A arrecadação do AFRMM se dá em função da operação de descarregamento de embarcações provenientes do exterior em porto brasileiro; em navegação de longo curso ou, ainda; em navegação de cabotagem ou em navegação fluvial e lacustre, sendo o mesmo calculado sobre a remuneração do transporte aquaviário, entenda-se, o valor do frete, calculado de acordo com as seguintes alíquotas: (i) 8% (oito por cento) na navegação de longo curso; (ii) 8% (oito por cento) na navegação de cabotagem; (iii) 40% (quarenta por cento) na navegação fluvial e lacustre, por ocasião do transporte de granéis líquidos nas Regiões Norte e Nordeste, e; (iv) 8% (oito por cento) na navegação fluvial e lacustre, por ocasião do transporte de granéis sólidos e outras cargas nas Regiões Norte e Nordeste.
A título de lembrança, vale notar que estas alíquotas são relativamente novas, tendo em vista o ocorrido em janeiro de 2022, com o veto presidencial parcial do Projeto de Lei da BR do Mar, posteriormente promulgado em março, através da Lei 14.301/2022, trazendo como consequência a substituição das alíquotas anteriormente vigentes por estas mencionadas acima.

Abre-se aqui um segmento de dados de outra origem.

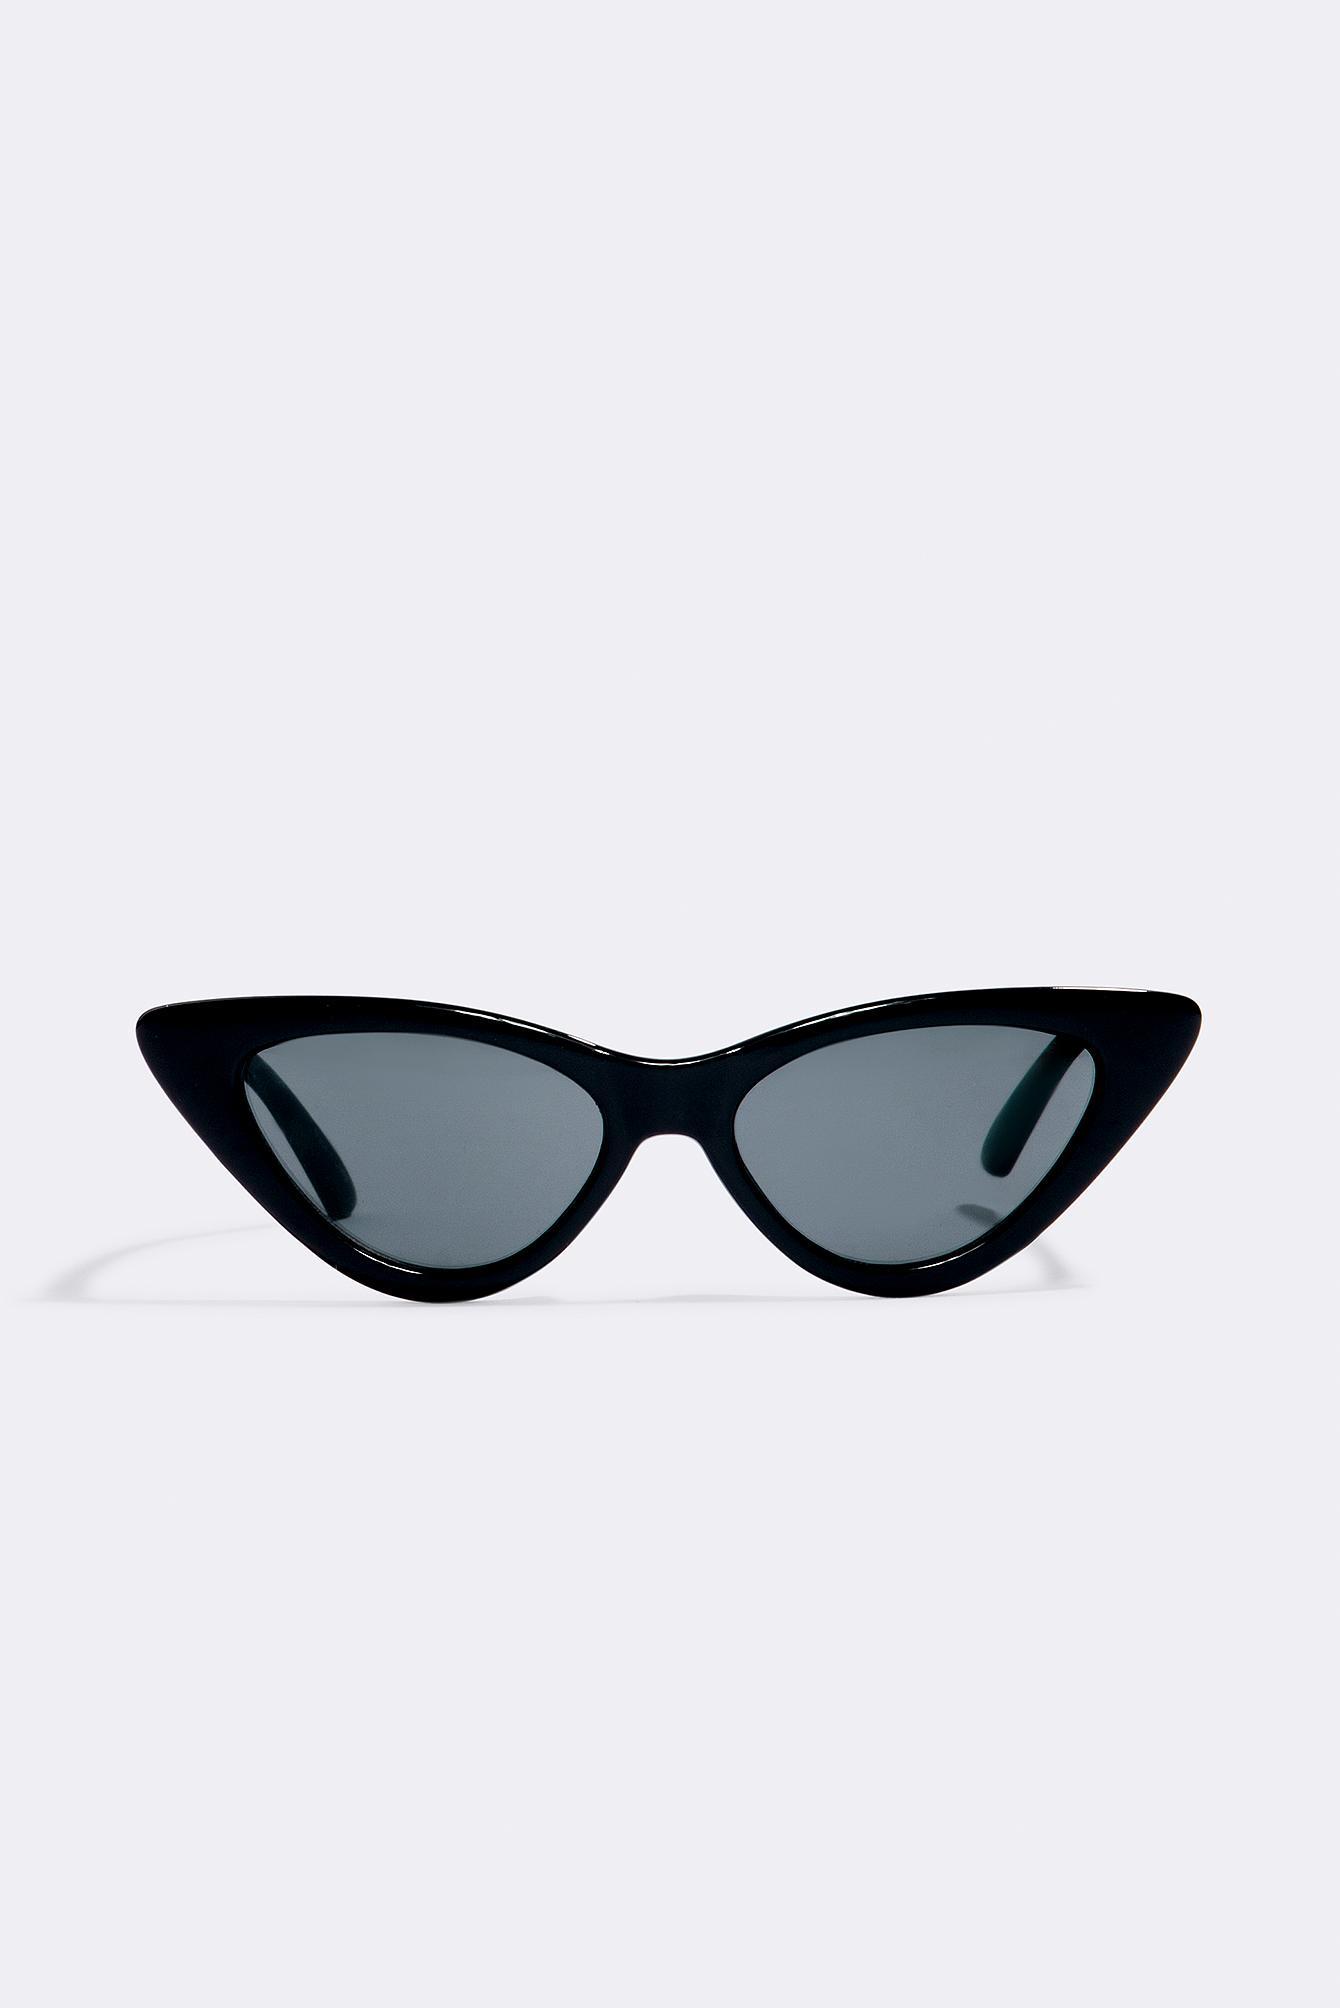 NA-KD Pointy Cat Eye Sunglasses Black
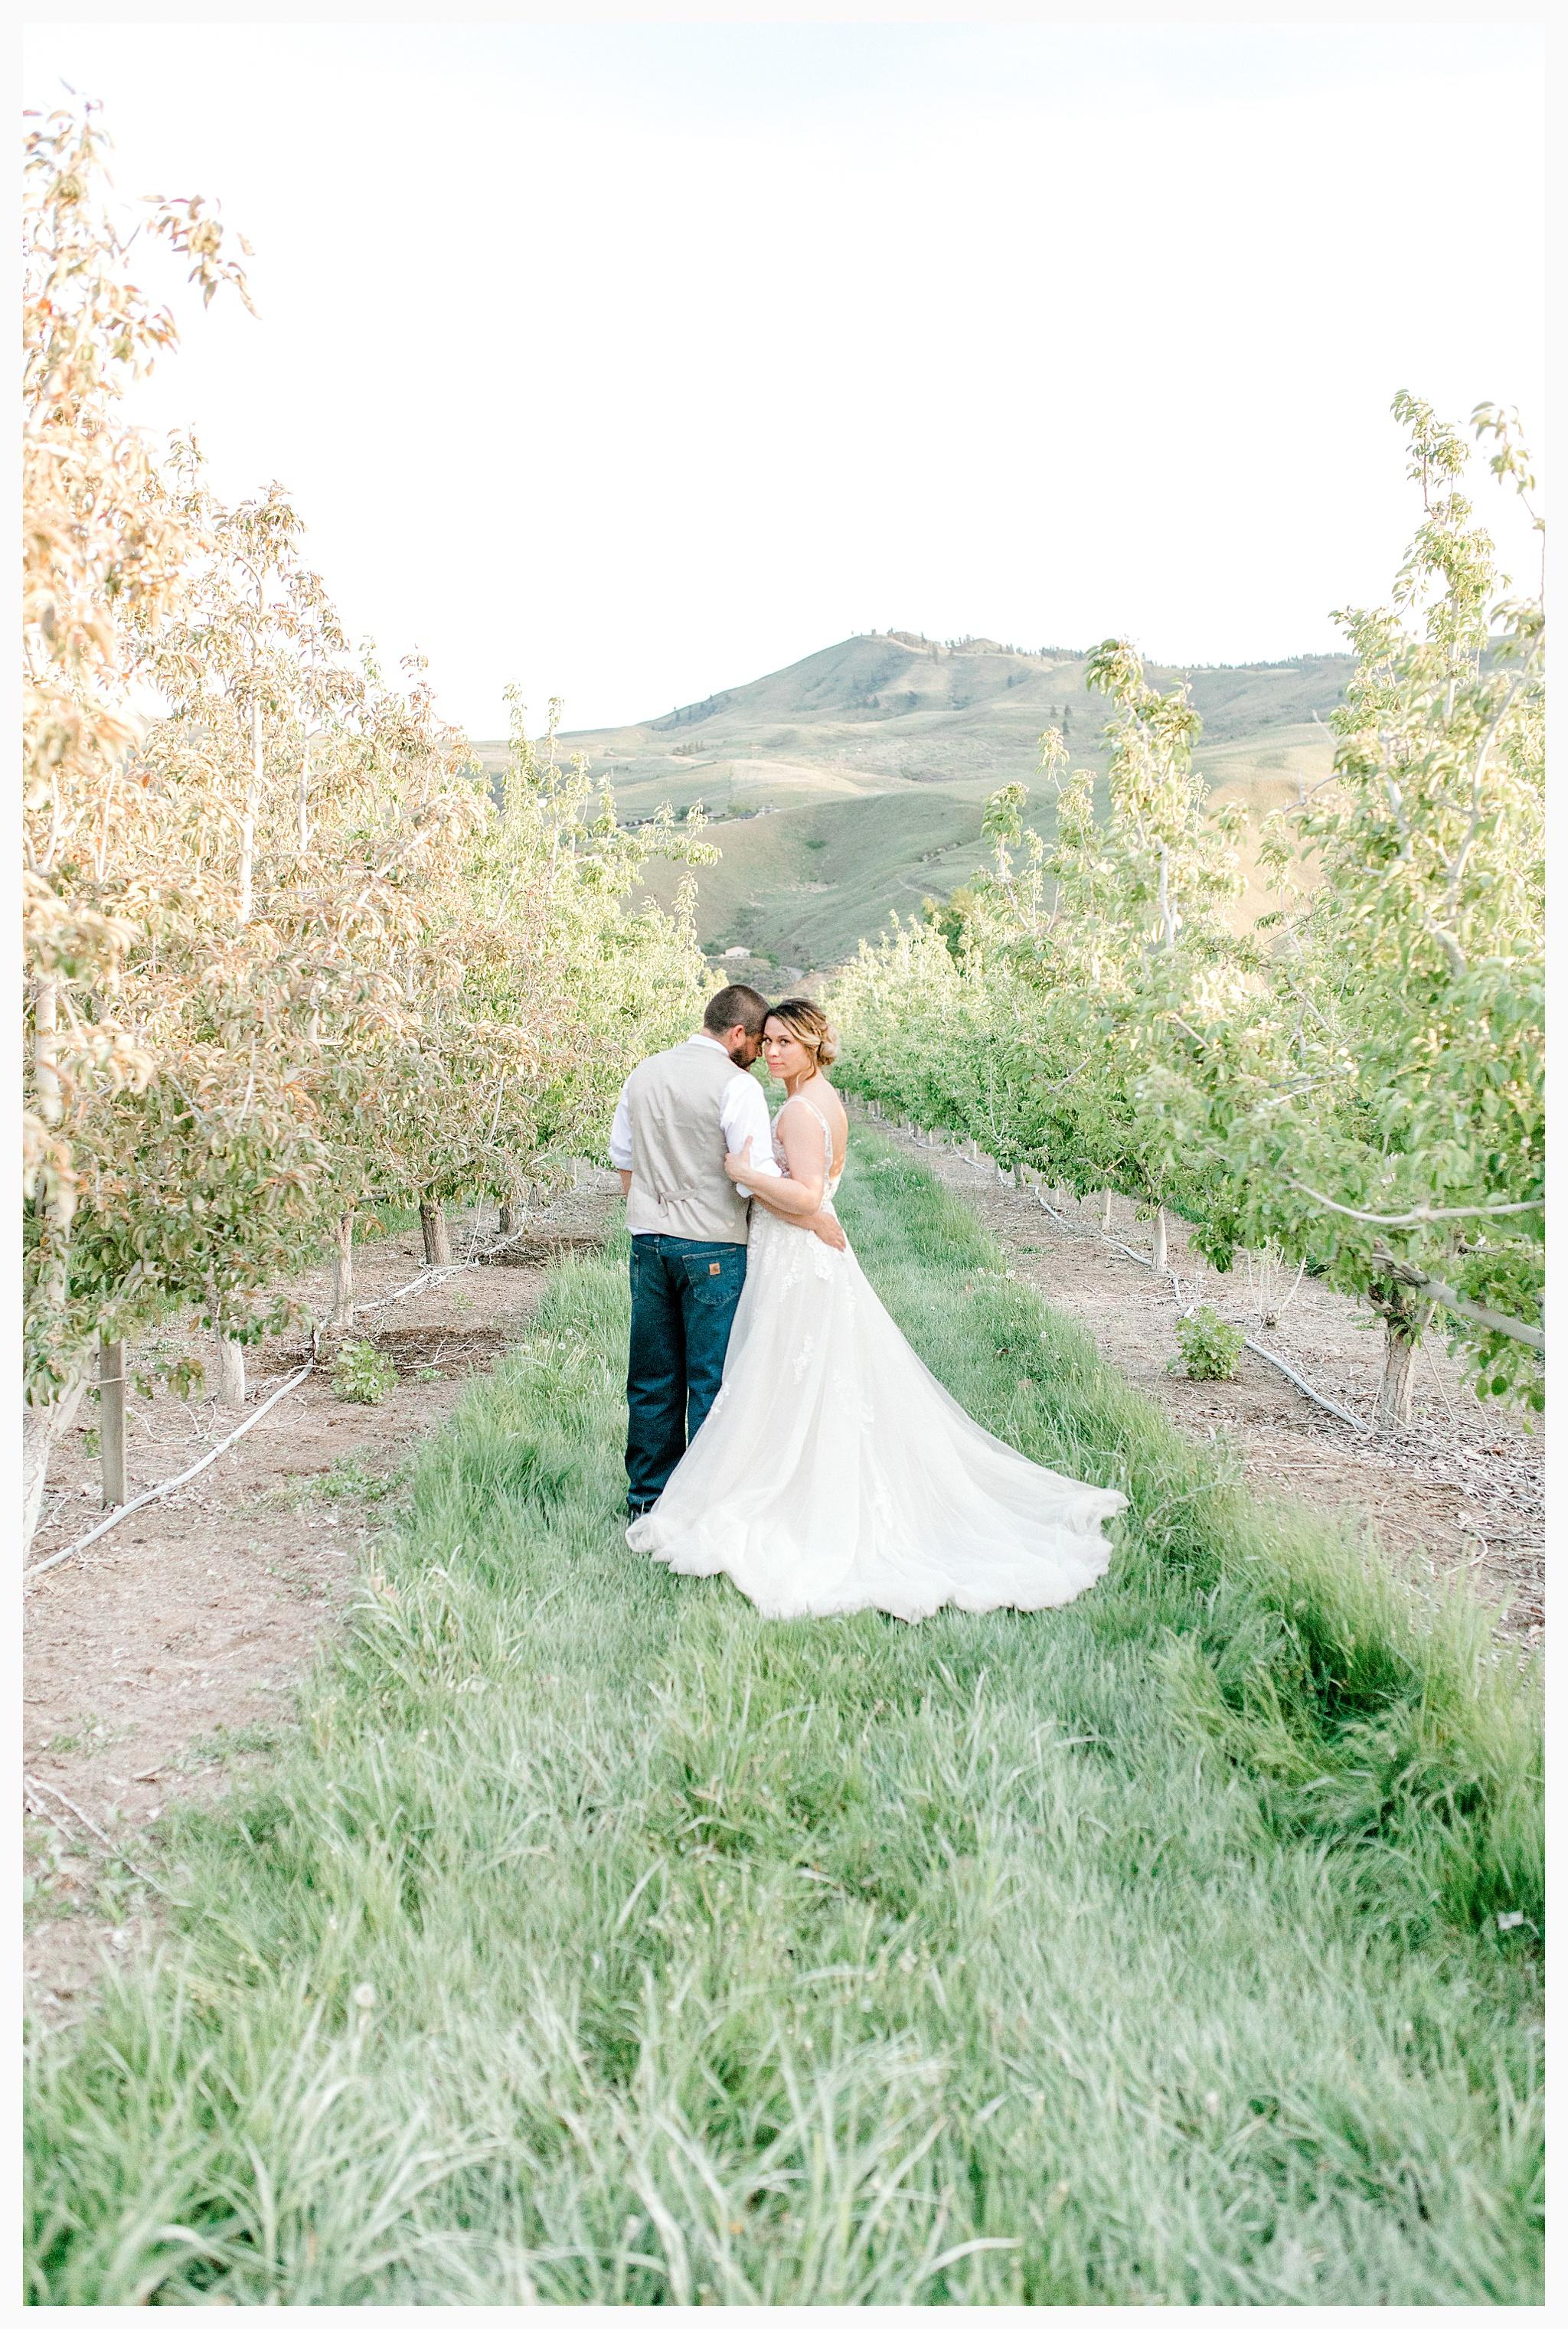 Rustic barn wedding in Wenatchee Washington at Sunshine Ranch on Easy Street, Emma Rose Company Seattle PNW Light and Airy Wedding Photographer_0136.jpg

E assim ocorreu até que, em 30 de dezembro de 2022, através de publicação no Diário Oficial da União (DOU (Edição Extra)), Hamilton Mourão, Presidente da República em exercício, editou o Decreto n° 11.321/2022, o qual estabeleceu a redução de 50% (cinquenta por cento) para as alíquotas do AFRMM, tal como previsto no art. 6° da Lei n° 10.893/2004.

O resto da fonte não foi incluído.